AIM OF THE TASK ::
Return the full listing character for character, without its pictures.

PROVIDED MATERIAL ::
#####

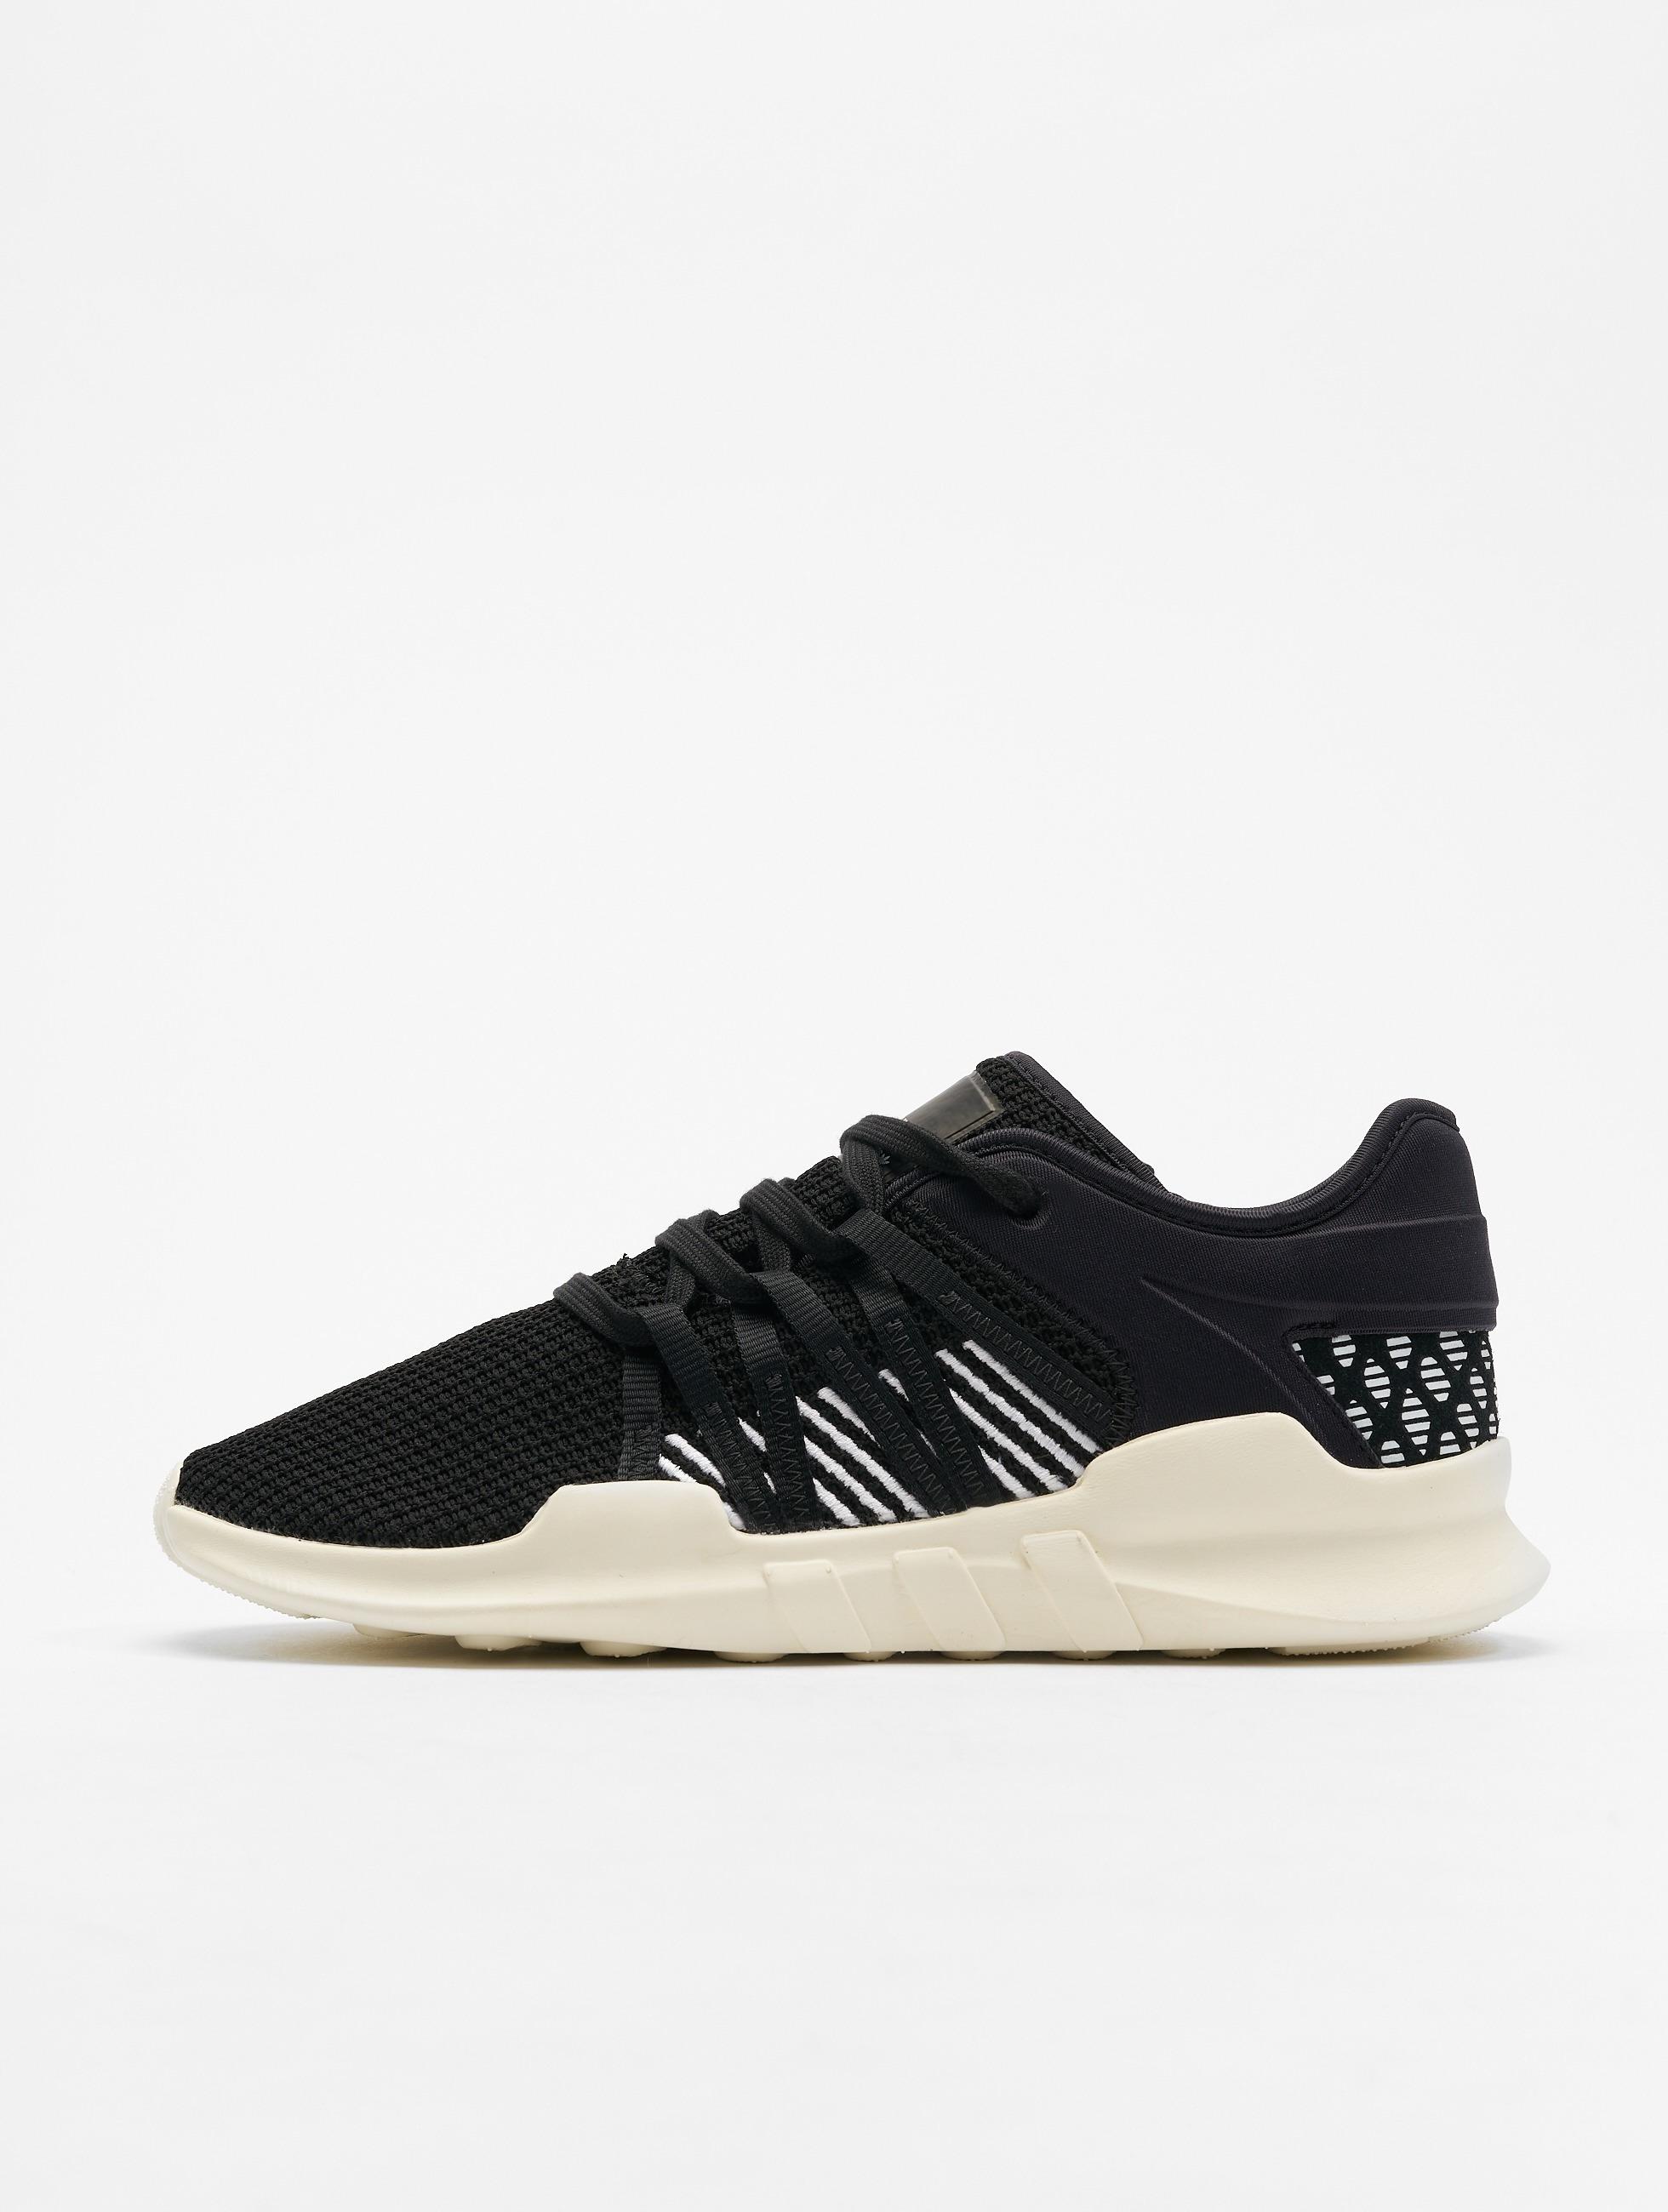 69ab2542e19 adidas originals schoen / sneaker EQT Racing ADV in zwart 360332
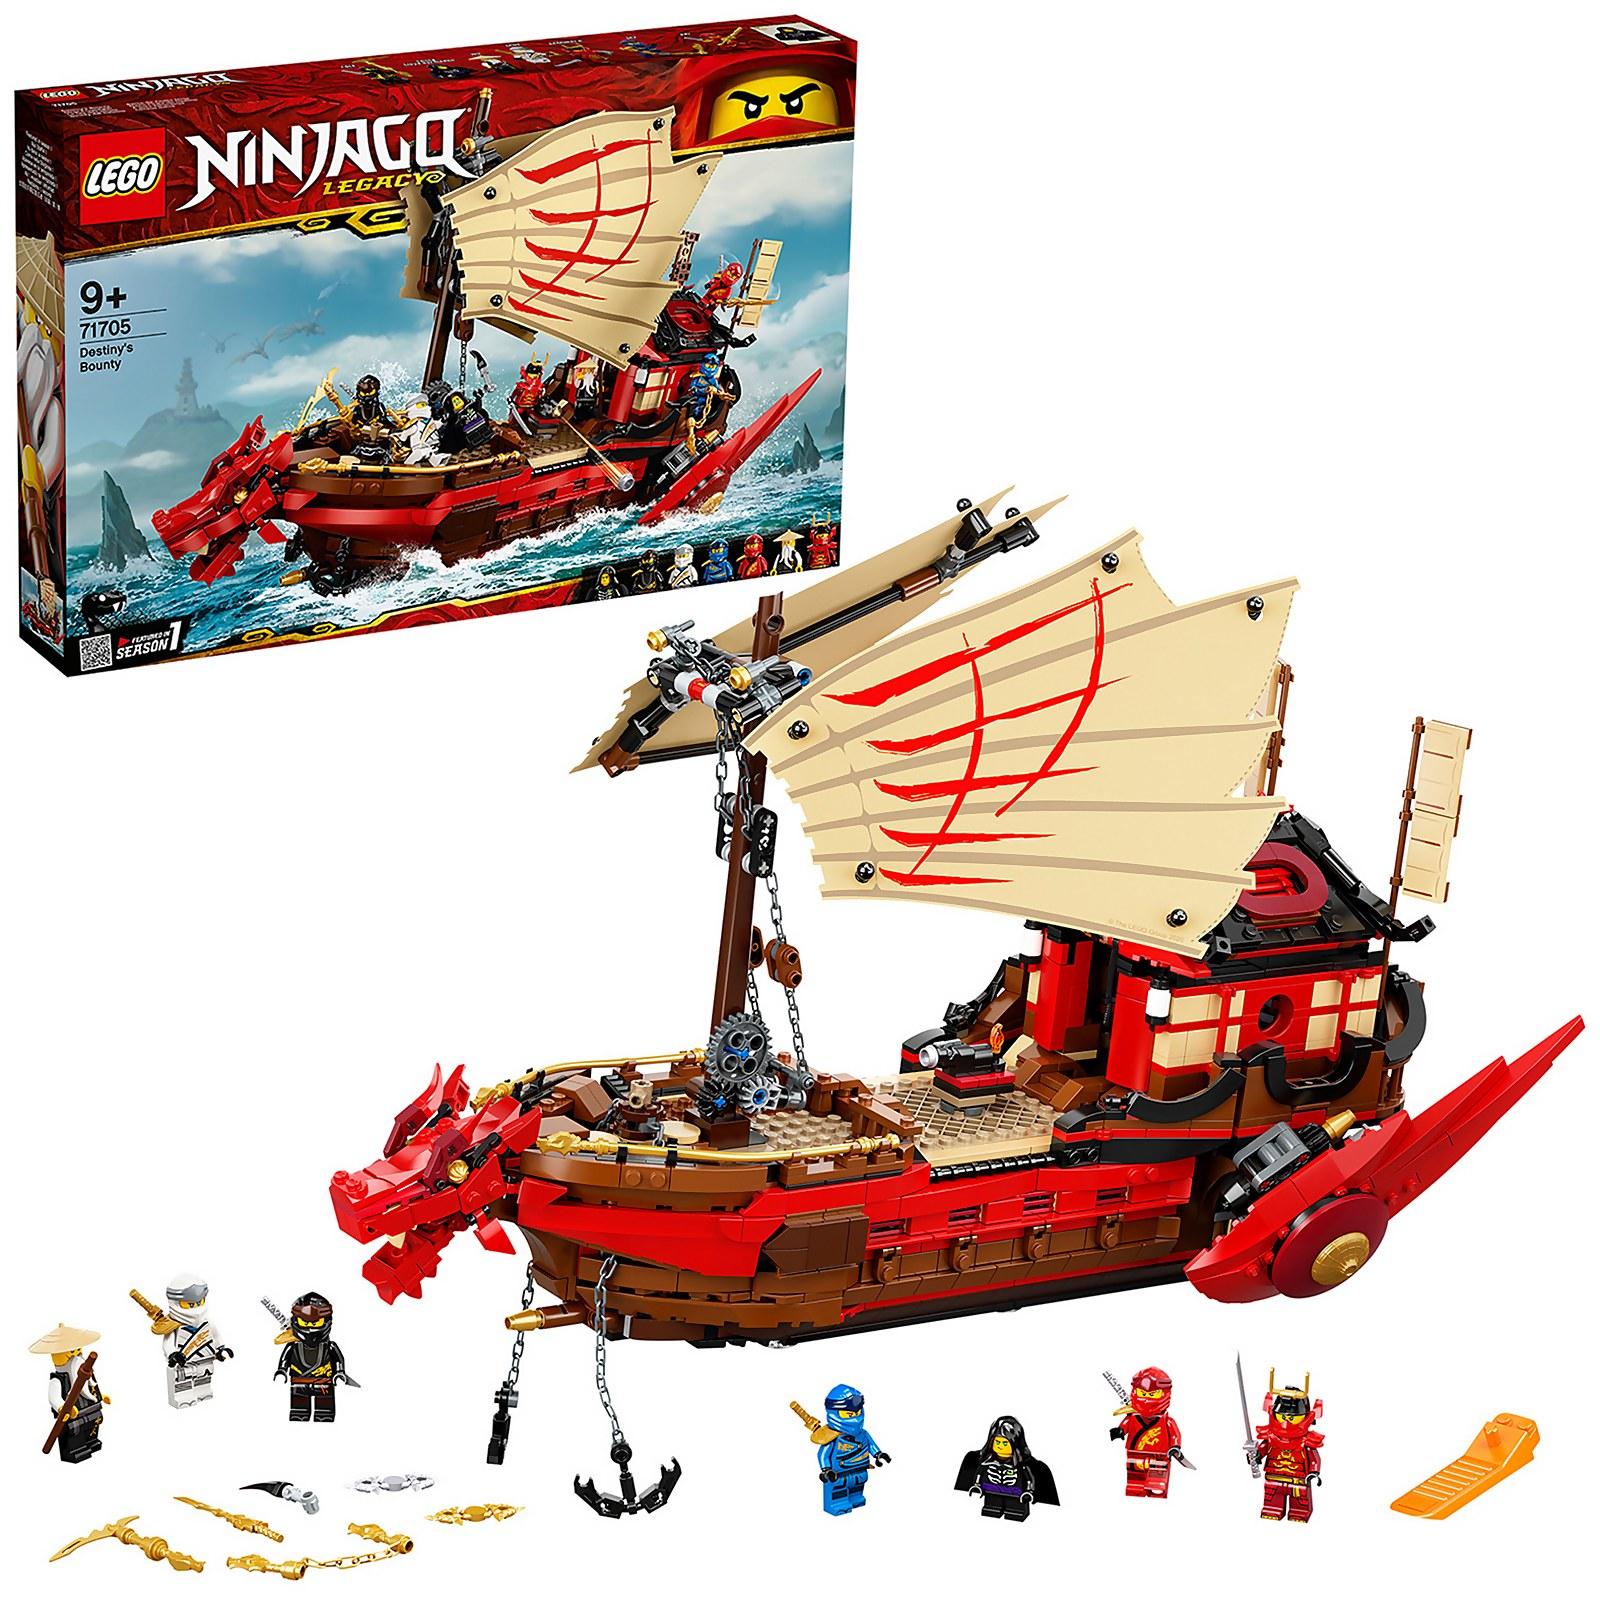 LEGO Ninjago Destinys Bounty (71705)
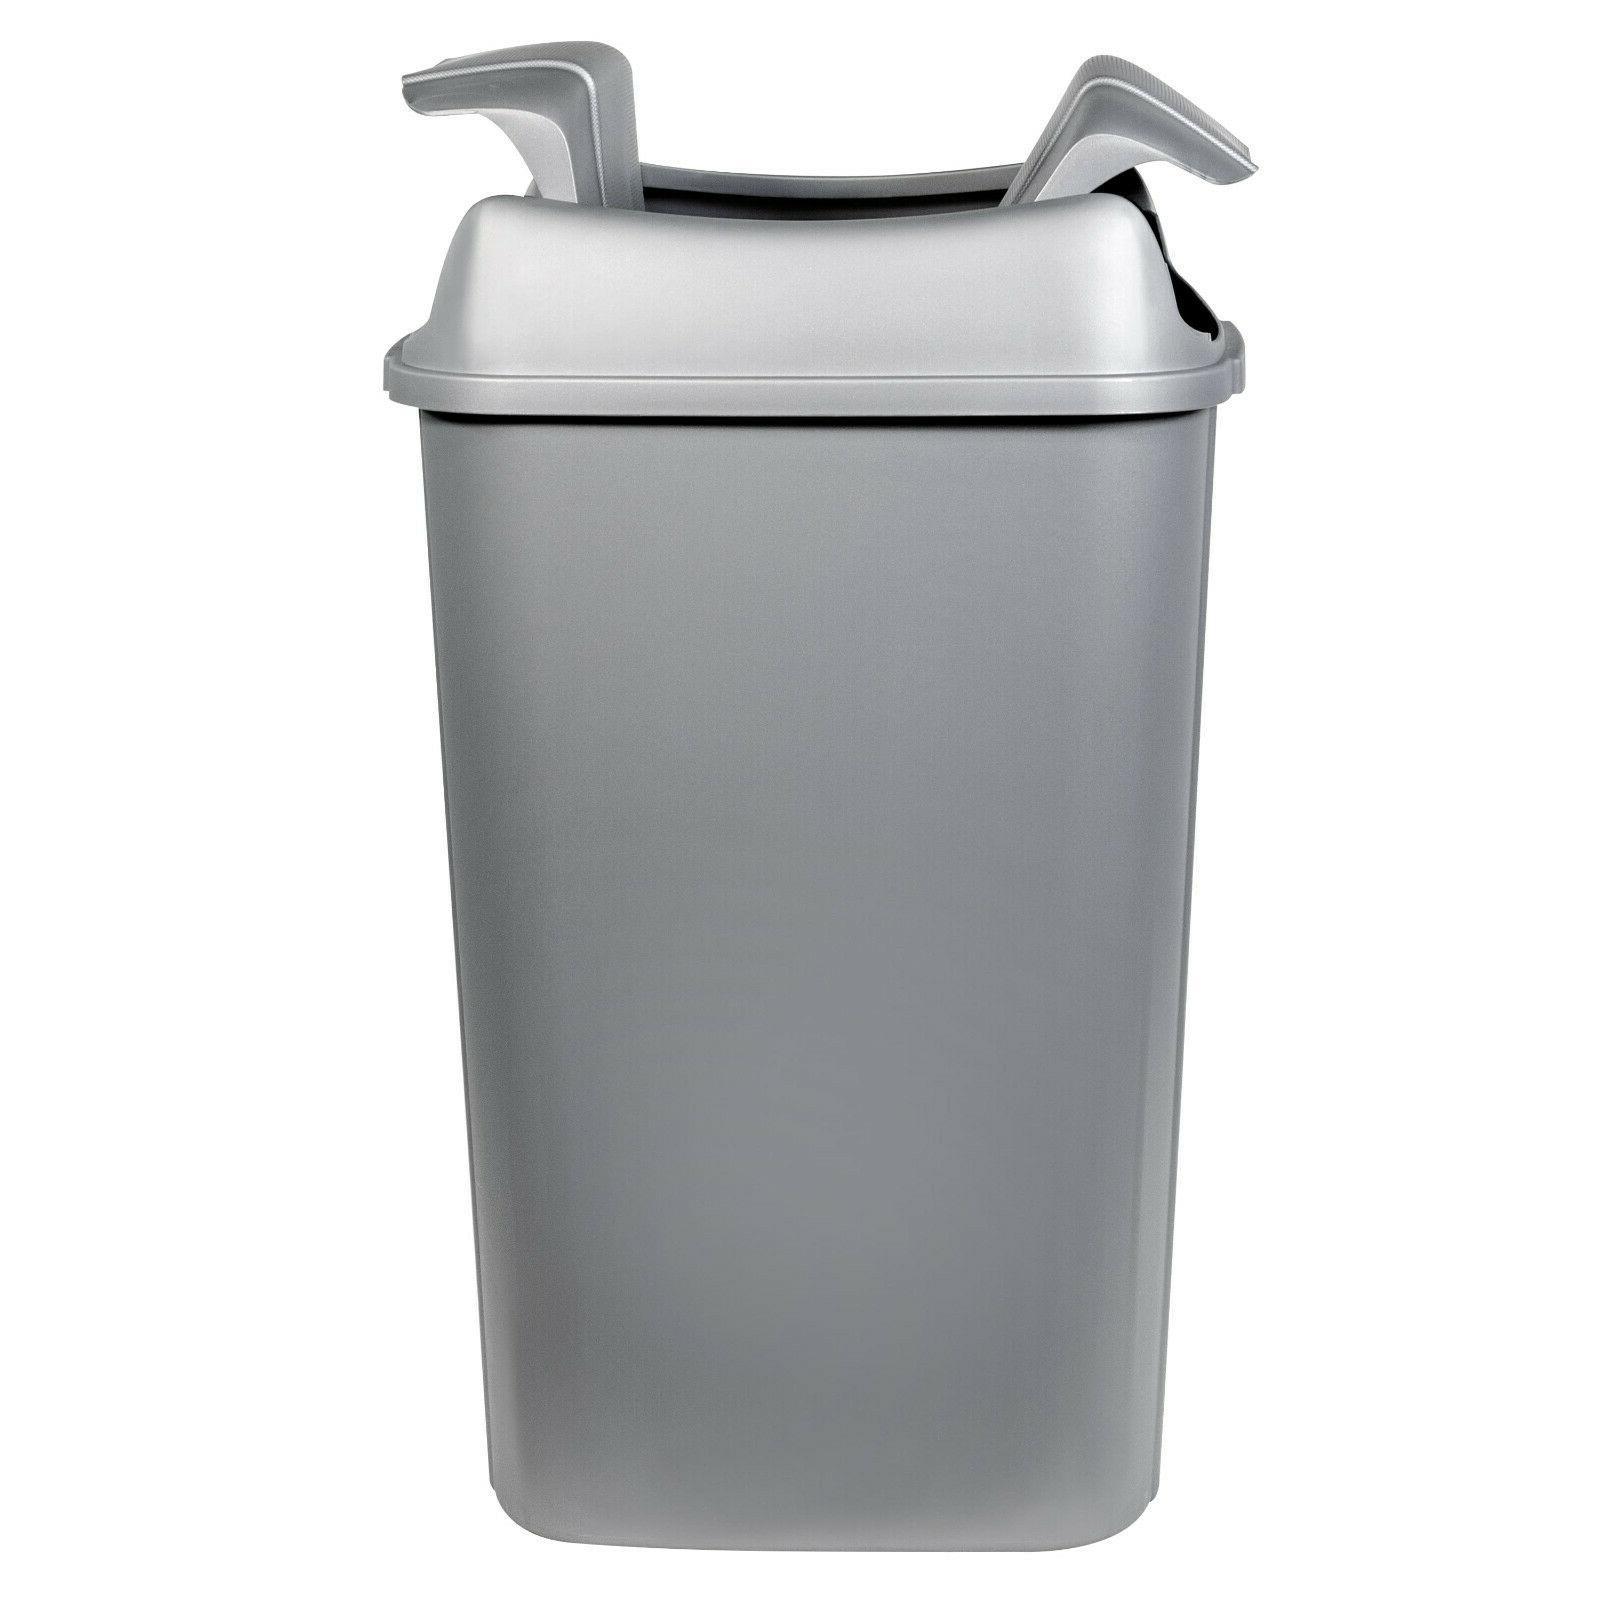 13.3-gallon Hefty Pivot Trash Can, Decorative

#####

FINISHED EXERCISE ::
 69ab2542e19 adidas originals schoen / sneaker EQT Racing ADV in zwart 360332
 LEGO Ninjago Destinys Bounty (71705)
 13.3-gallon Hefty Pivot Trash Can, Decorative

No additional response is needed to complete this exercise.